__LISTED RECORDS__:
╭──
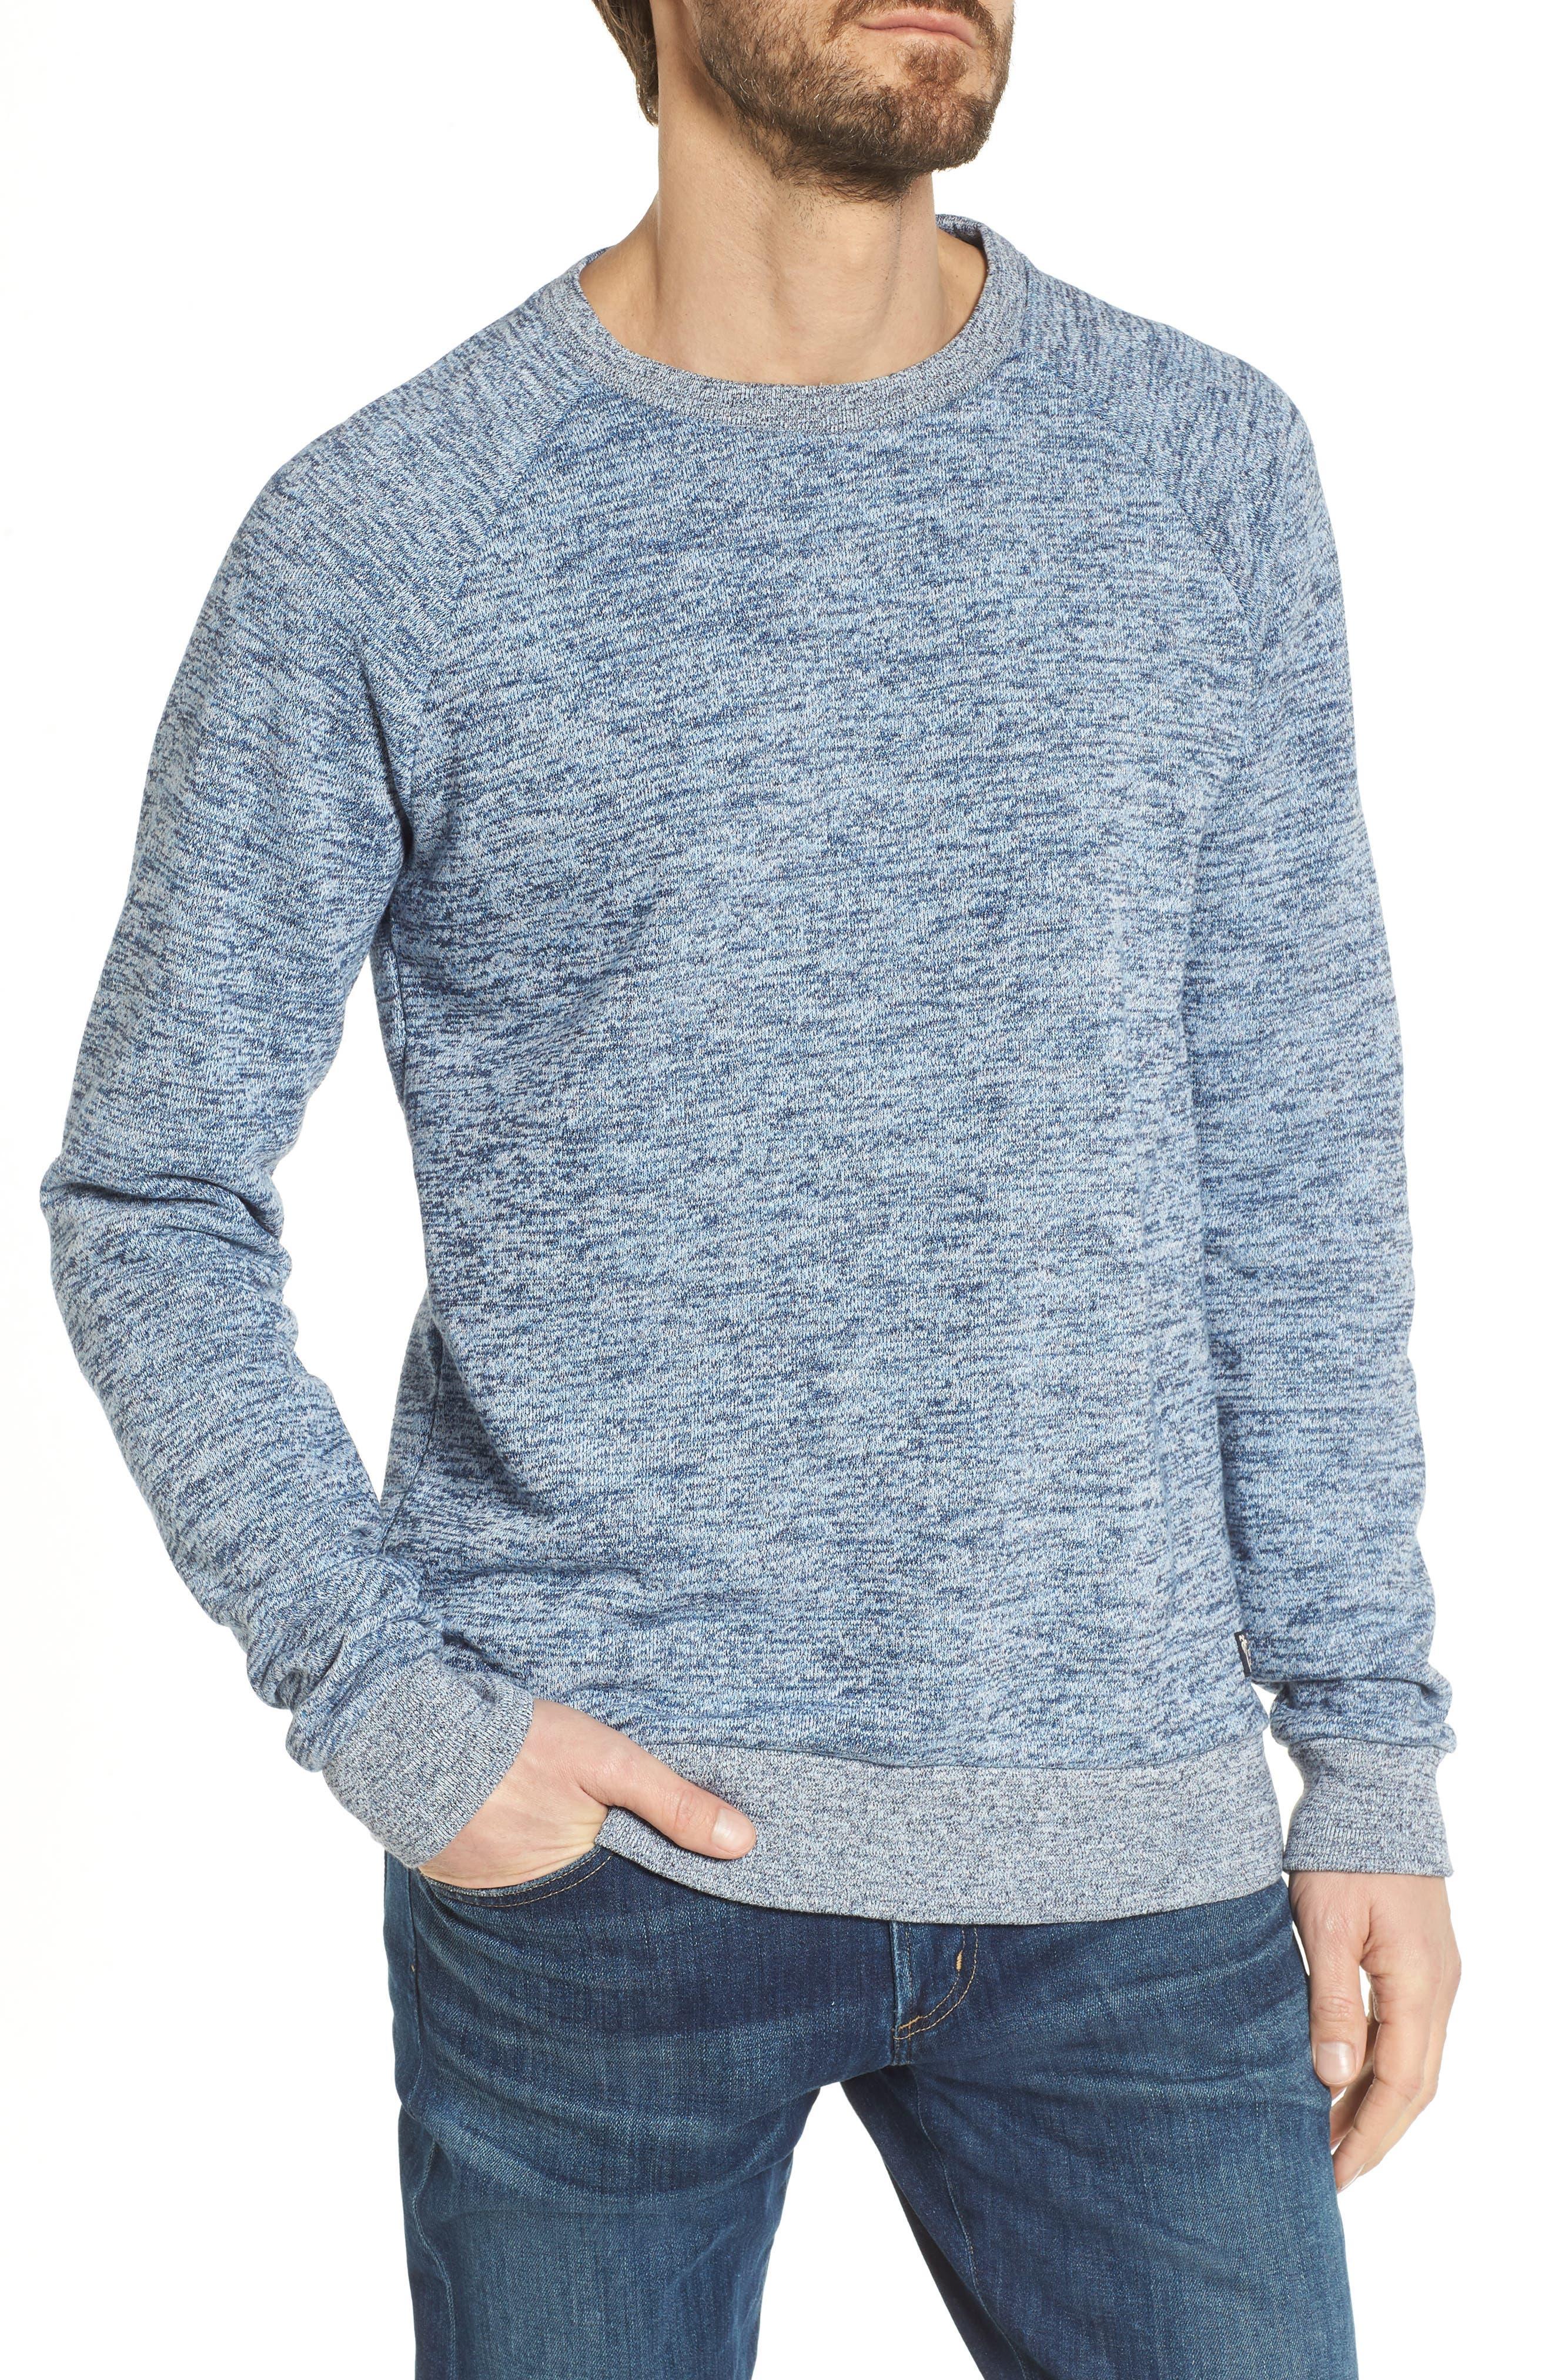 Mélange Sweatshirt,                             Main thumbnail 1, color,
╰──
╭──
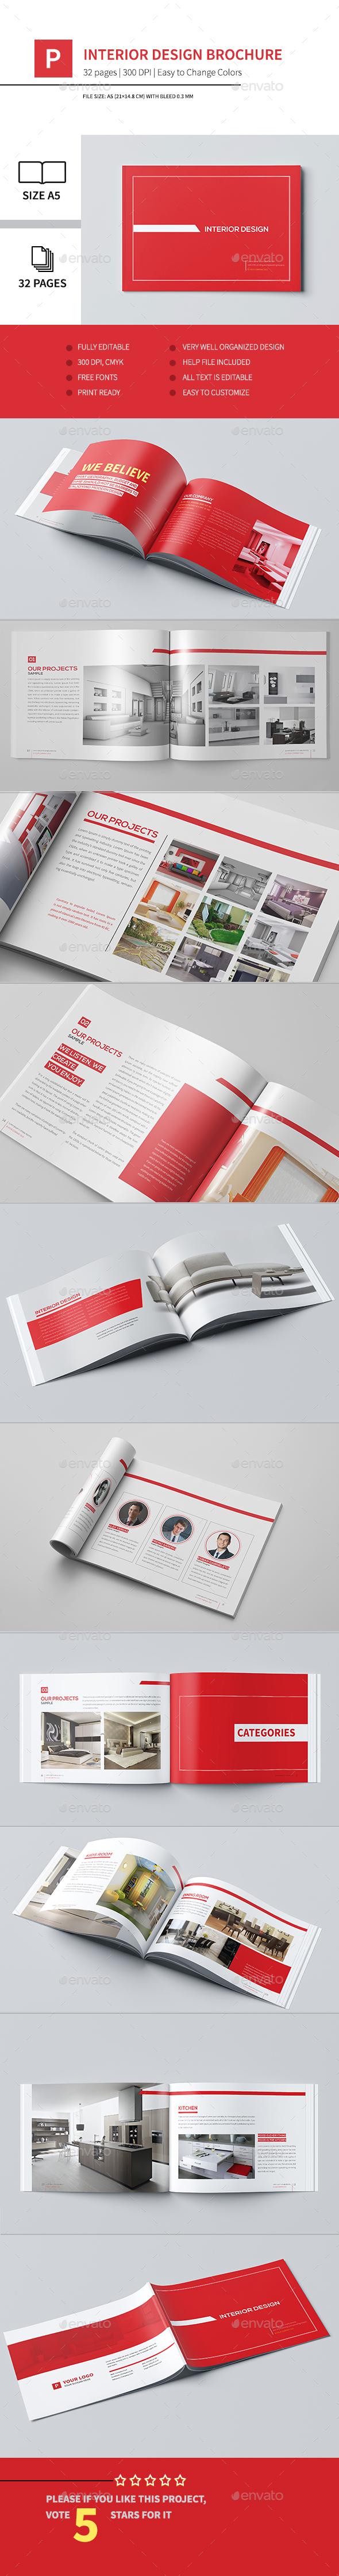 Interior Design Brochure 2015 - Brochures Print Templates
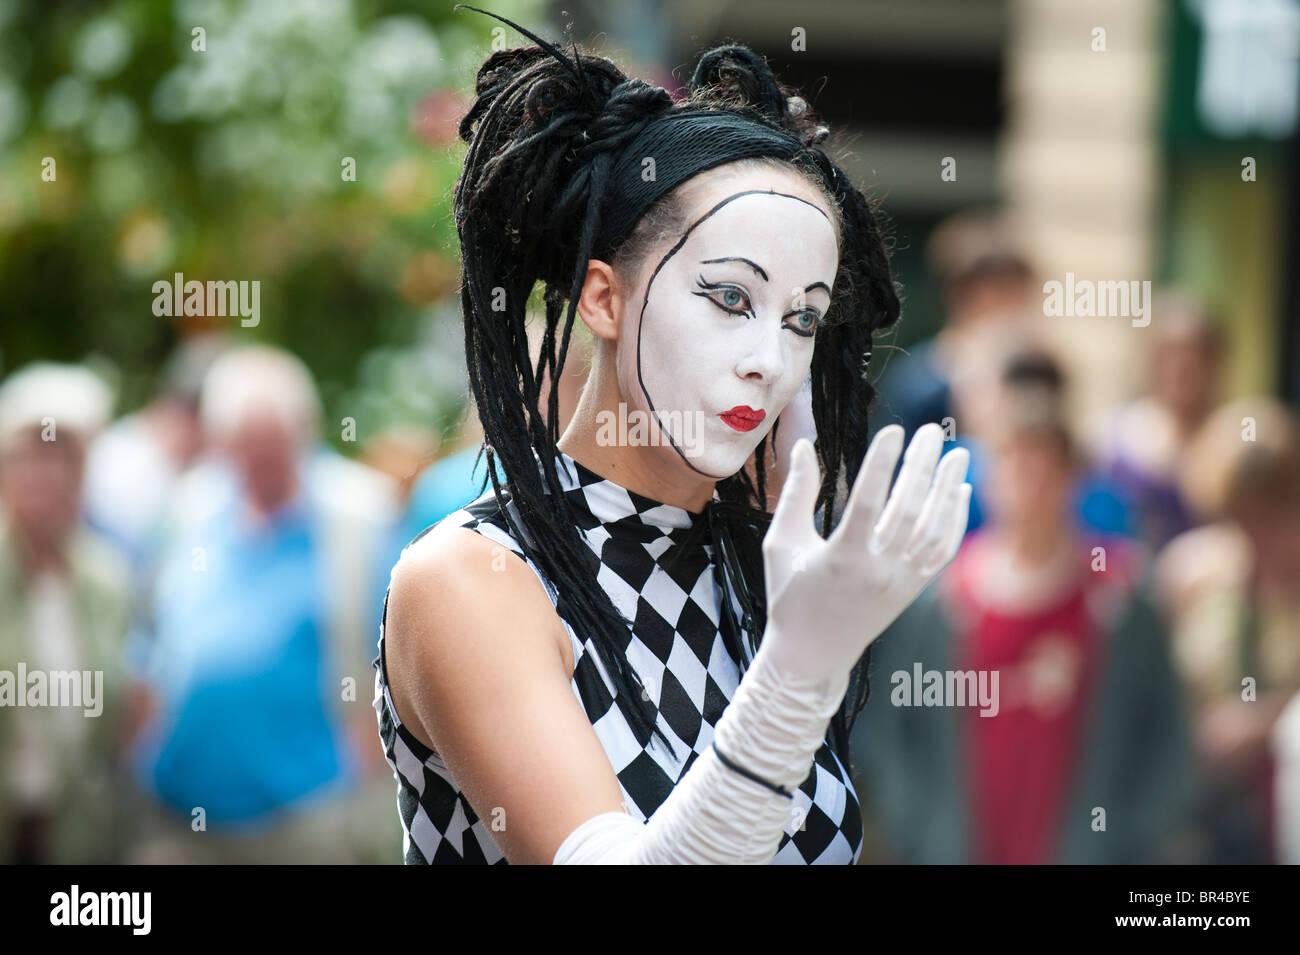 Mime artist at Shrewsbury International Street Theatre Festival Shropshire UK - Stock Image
╰──
__EXERCISE GOAL__: For the entries above, print exactly the lines between the one with "Interior Design Brochure" and the one with "Mime artist at", inclusive, with no pictures.

__RESPONSE TO THE TASK__:
 Interior Design Brochure 2015 - Brochures Print Templates
 Mime artist at Shrewsbury International Street Theatre Festival Shropshire UK - Stock Image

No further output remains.